A może masz czelność pożądać cudzego męża?
A może śpisz do dziesiątej?
A może arogancko weszli w poważny projekt, nie mając o tym wszystkim pojęcia?
A może gdzieś tam mieszka kobieta, której pragnęłaś i stałeś się tak bezczelny, że postanowiłeś porozmawiać z żoną o rozwodzie?
Zalecana:
Kiedy Serce Jest Puste. Co Powstrzymuje Cię Od Bycia Szczęśliwym
Zacznę od razu od rozczarowań. Dla tych, którzy wierzą, że szczęście jest trwałą substancją i może być stale doświadczane. Nie, nie możesz. I to jest aksjomat. Szczęście to zawsze tylko chwile i epizody w życiu. A co najważniejsze, zawsze są nieprzewidywalne.
ODWAGA BYCIA SOBĄ
Ilekroć nie robiłem tego, co chciałem, zabijałem się. Za każdym razem, gdy mówię komuś tak kiedy chciałem powiedzieć nie, zabijałem się. W. Gusiew Całe życie jednostki to nic innego jak proces samonarodzenia; prawdopodobnie rodzimy się całkowicie przed śmiercią, chociaż tragicznym losem większości ludzi jest umrzeć przed narodzeniem.
Rudolph Dreikurs: Odwaga Bycia Niedoskonałym
W swoim wykładzie „Odwaga bycia niedoskonałym” psycholog Rudolf Dreikurs opowiada, jak na co dzień kierujemy się pragnieniem bycia ważniejszymi i na prawo, gdzie leżą korzenie lęku przed popełnianiem błędów i dlaczego jest to tylko spuścizna niewolniczej psychologii społeczeństwa autorytarnego, z którą czas się pożegnać.

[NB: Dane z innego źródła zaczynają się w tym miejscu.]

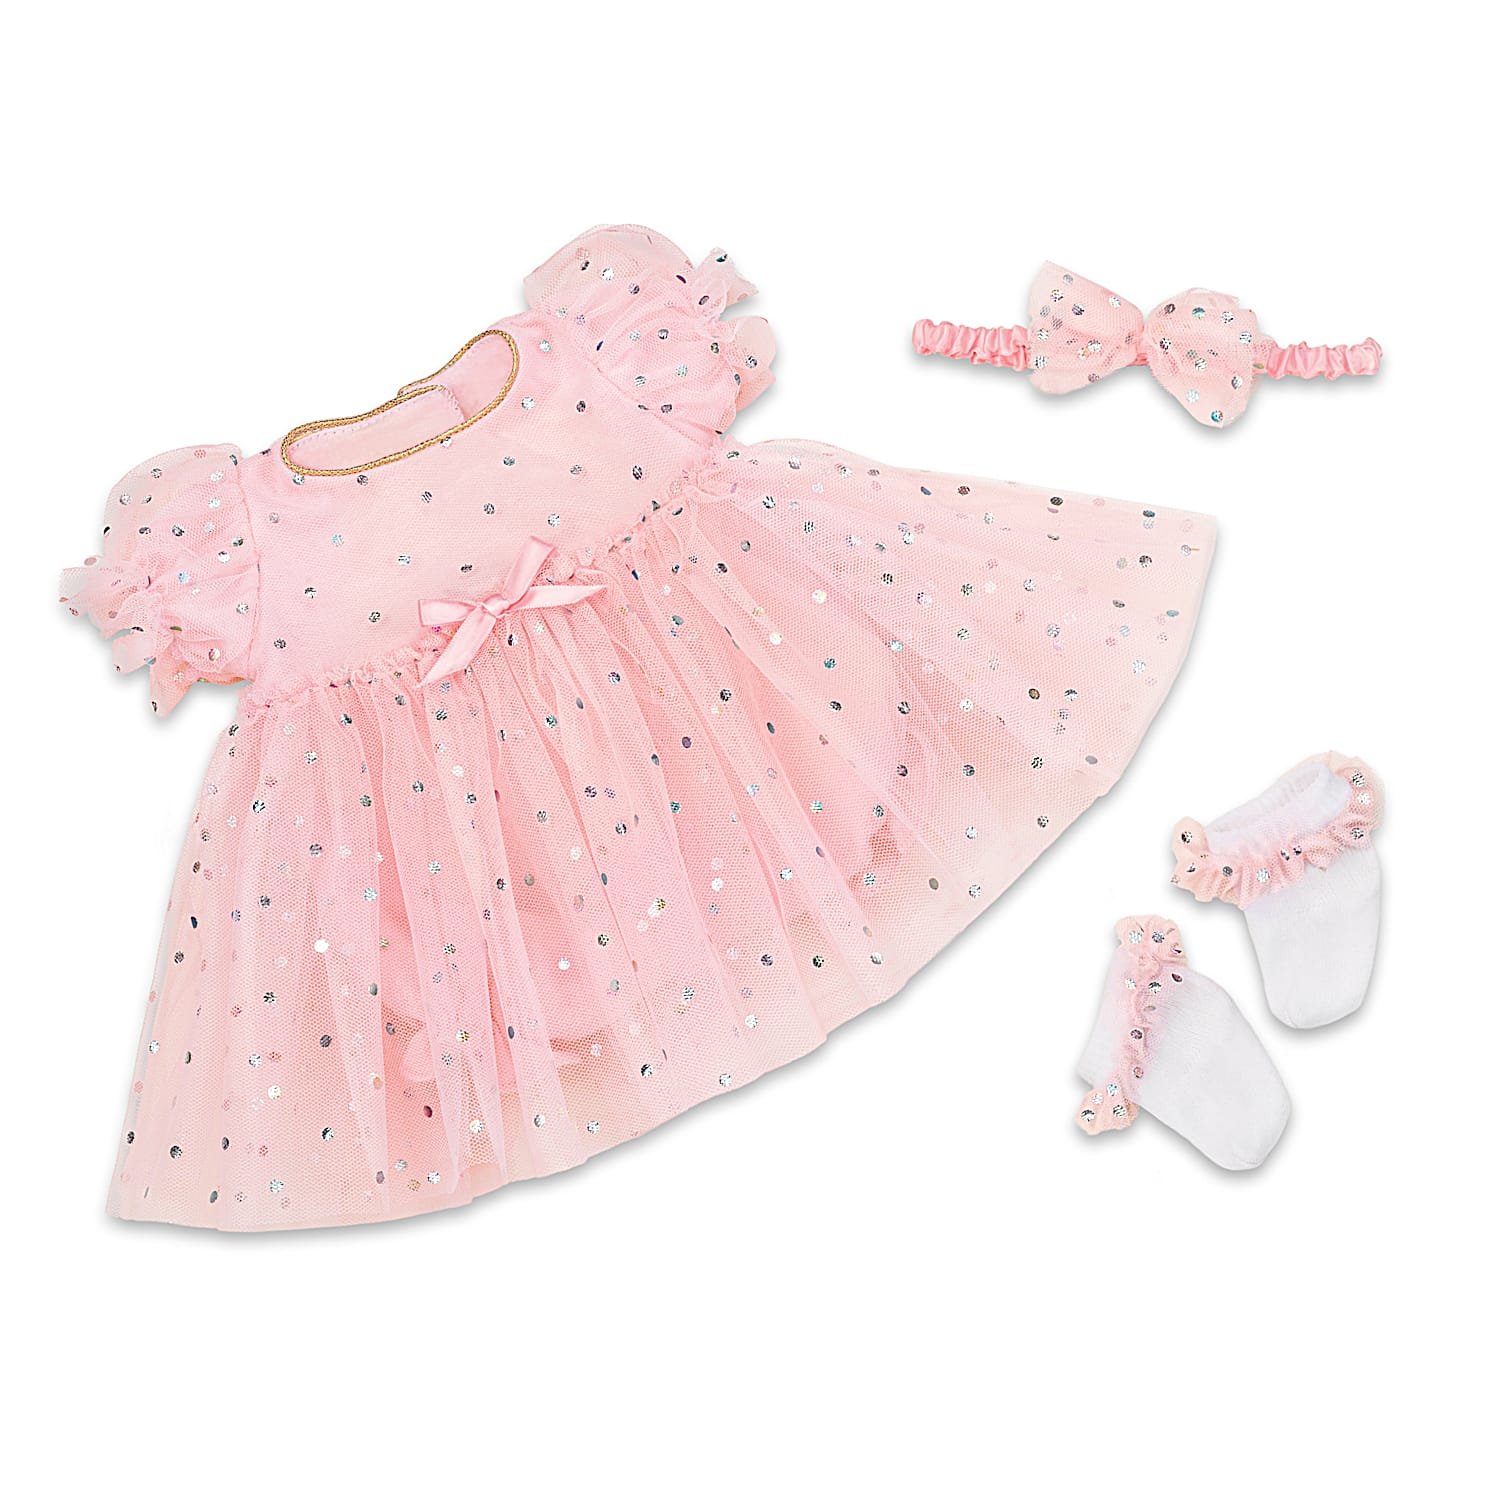 Celebration Dress Baby Doll Accessory Set With Metallic Dots

Brak Wartości Jako Autodestrukcji, Prawo Do Bycia Ocenianym Jako Droga Do Zdrowia
W ostatnich latach psychologia przyniosła nam modę na bezwartościowość. Nie jest to „zrobiłeś coś złego”, ale „tak postąpiłem”; to nie jest „złamałeś umowę”, ale „byłem taki zły”; to nie jest „Twoja kawa jest obrzydliwa – jest w niej kupa myszy”, ale „Jestem tak wrażliwy i wrażliwy, że byłem zdenerwowany, widząc mysie odchody w twojej cudownej kawie”.
„Odwaga Bycia Niedoskonałym”: Rudolf Dreikurs O Dążeniu Do Słuszności I Strachu Przed Popełnianiem Błędów
W swoim wykładzie „Odwaga bycia niedoskonałym” psycholog Rudolf Dreikurs opowiada, jak na co dzień kierujemy się pragnieniem bycia ważniejszymi i na prawo, gdzie leżą korzenie lęku przed popełnianiem błędów i dlaczego jest to tylko spuścizna niewolniczej psychologii społeczeństwa autorytarnego, z którą czas się pożegnać.